* Brief *
Every line below from the one with "Picture of American" through the one with "a white gloved" should be retyped exactly, both ends included; no other lines and no pictures.

* Task input *
★ ★ ★

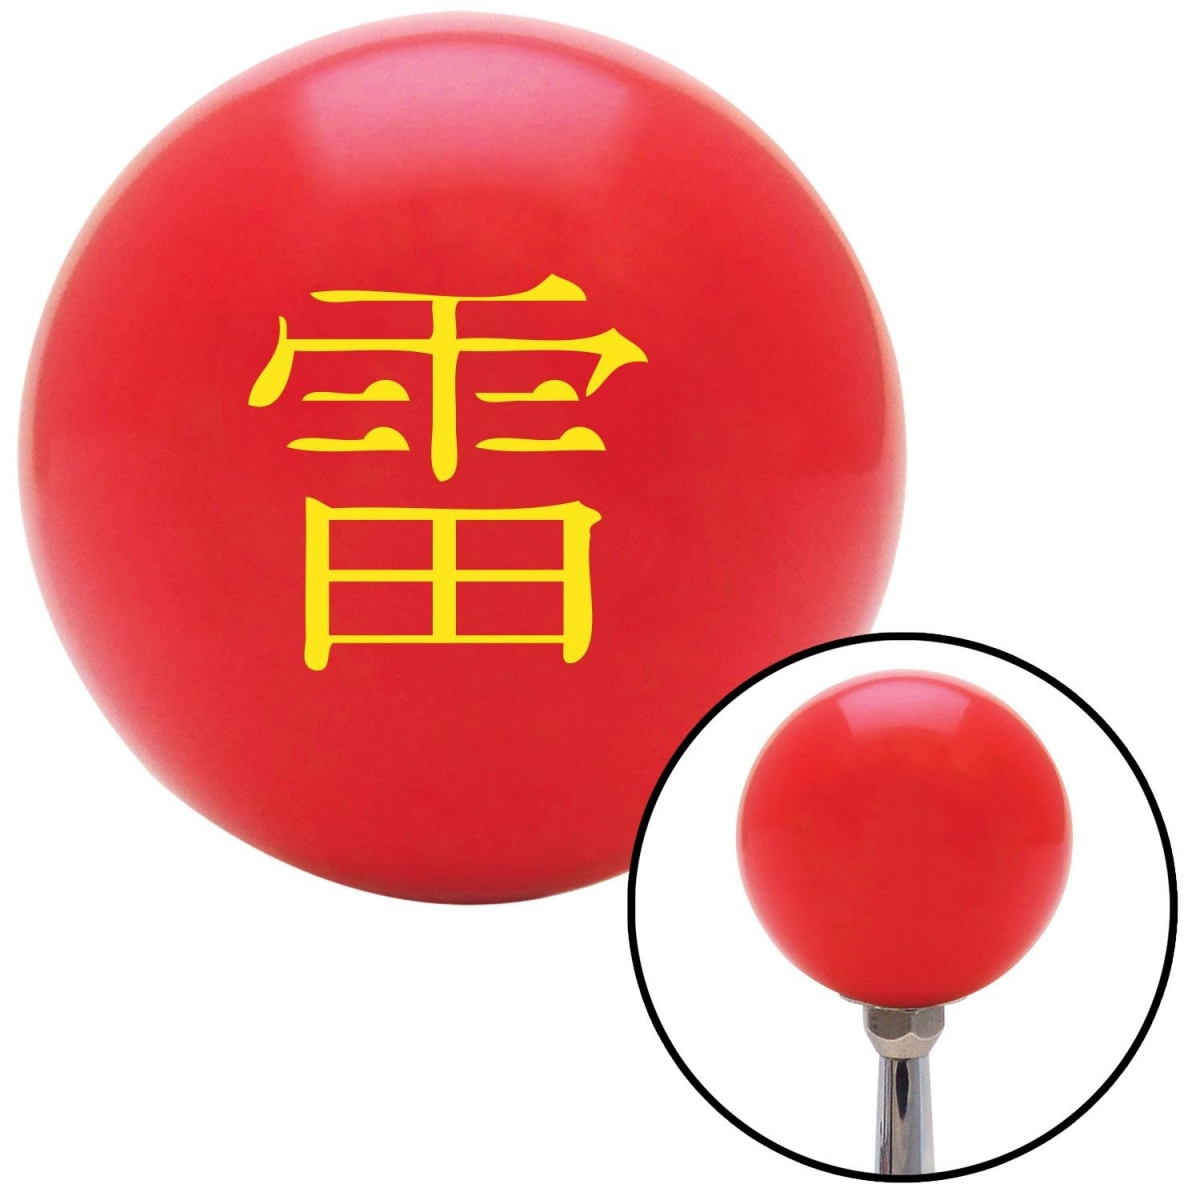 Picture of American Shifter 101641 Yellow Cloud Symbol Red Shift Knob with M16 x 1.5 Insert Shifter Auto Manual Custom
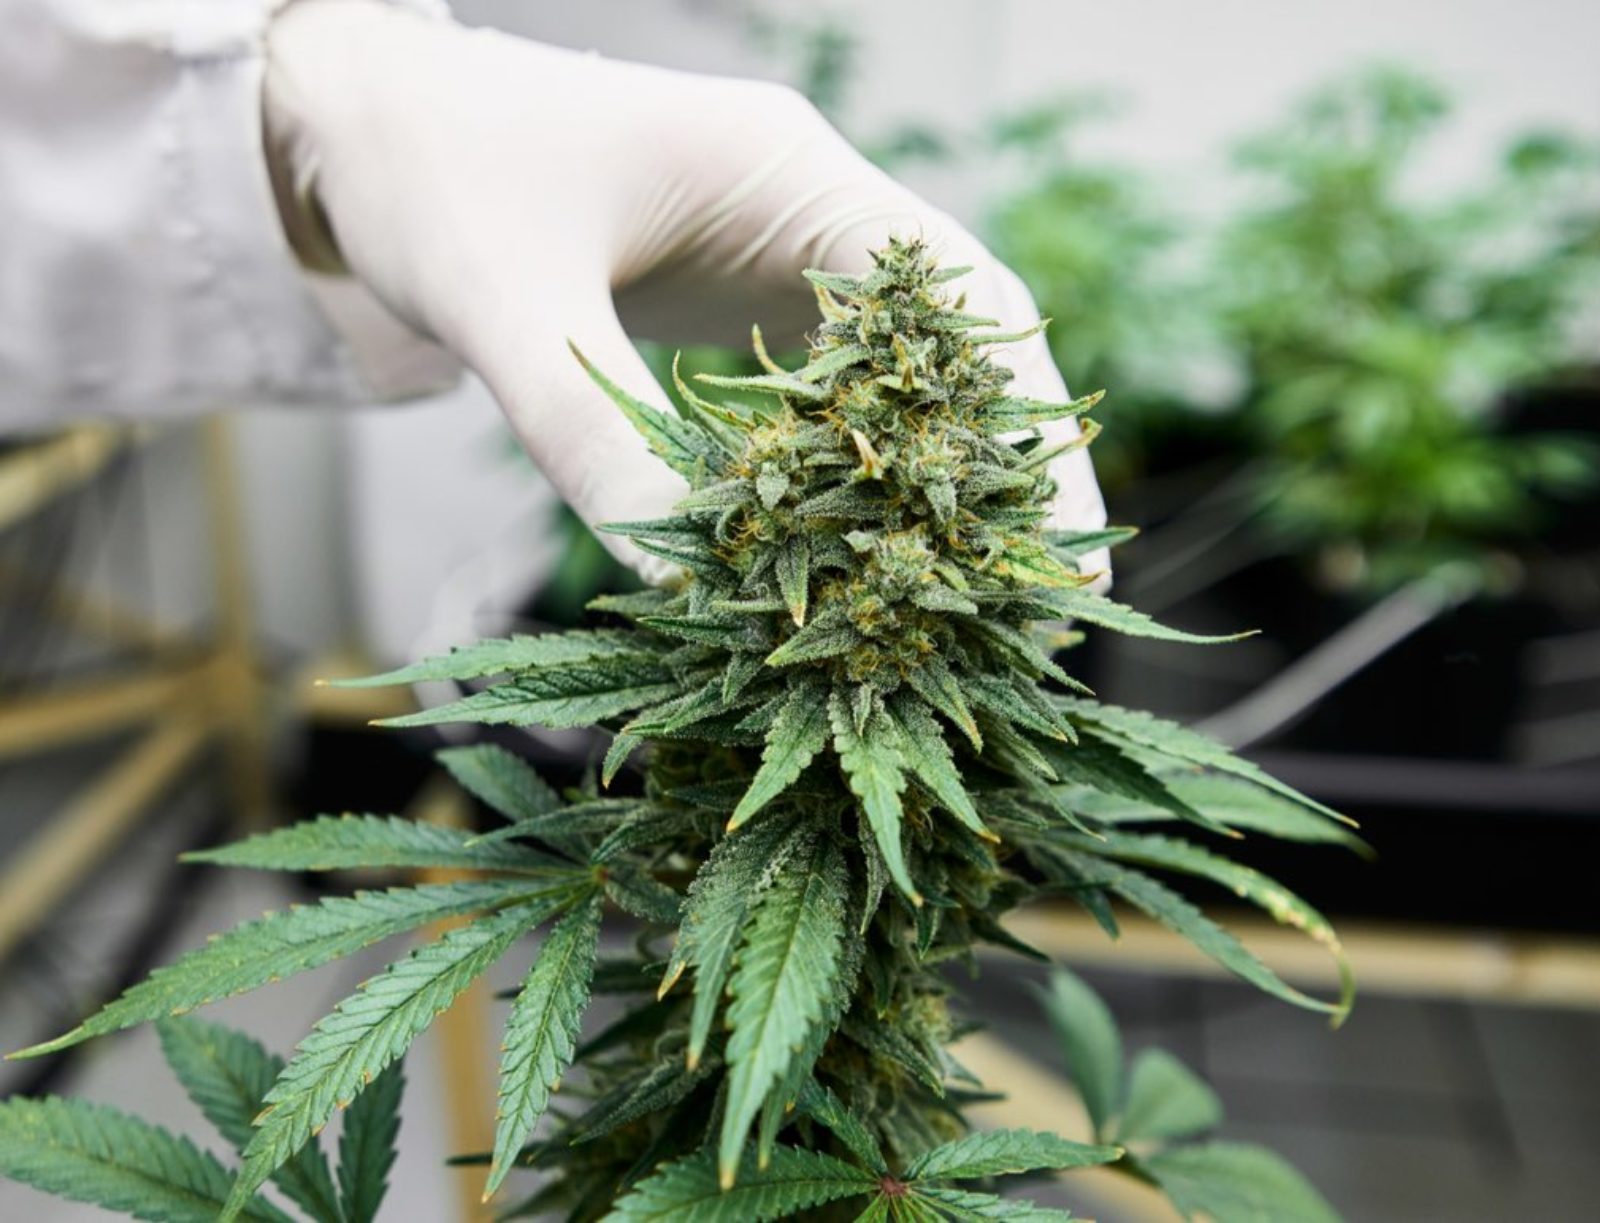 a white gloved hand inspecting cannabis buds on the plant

★ ★ ★

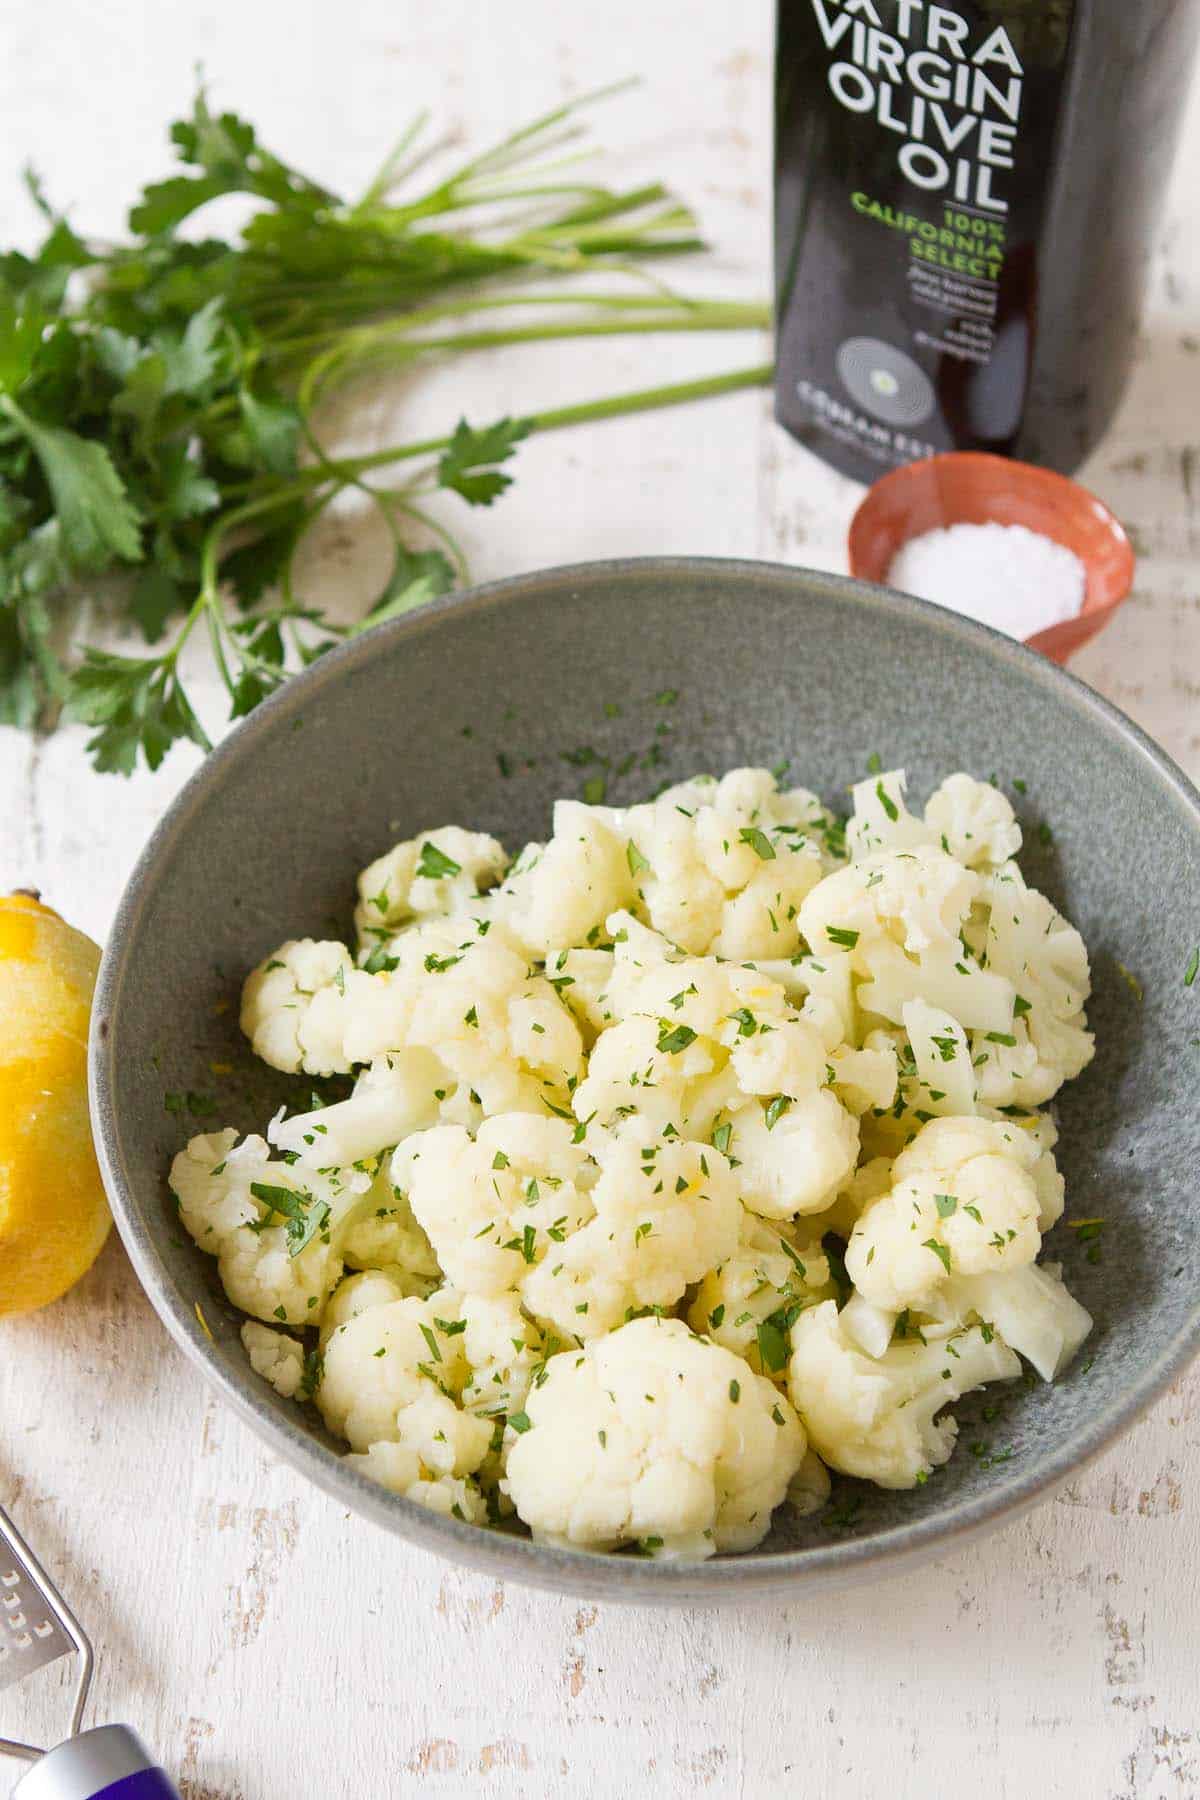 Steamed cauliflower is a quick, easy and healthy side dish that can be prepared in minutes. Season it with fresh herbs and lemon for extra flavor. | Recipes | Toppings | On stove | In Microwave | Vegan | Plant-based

★ ★ ★

* Response *
 Picture of American Shifter 101641 Yellow Cloud Symbol Red Shift Knob with M16 x 1.5 Insert Shifter Auto Manual Custom
 a white gloved hand inspecting cannabis buds on the plant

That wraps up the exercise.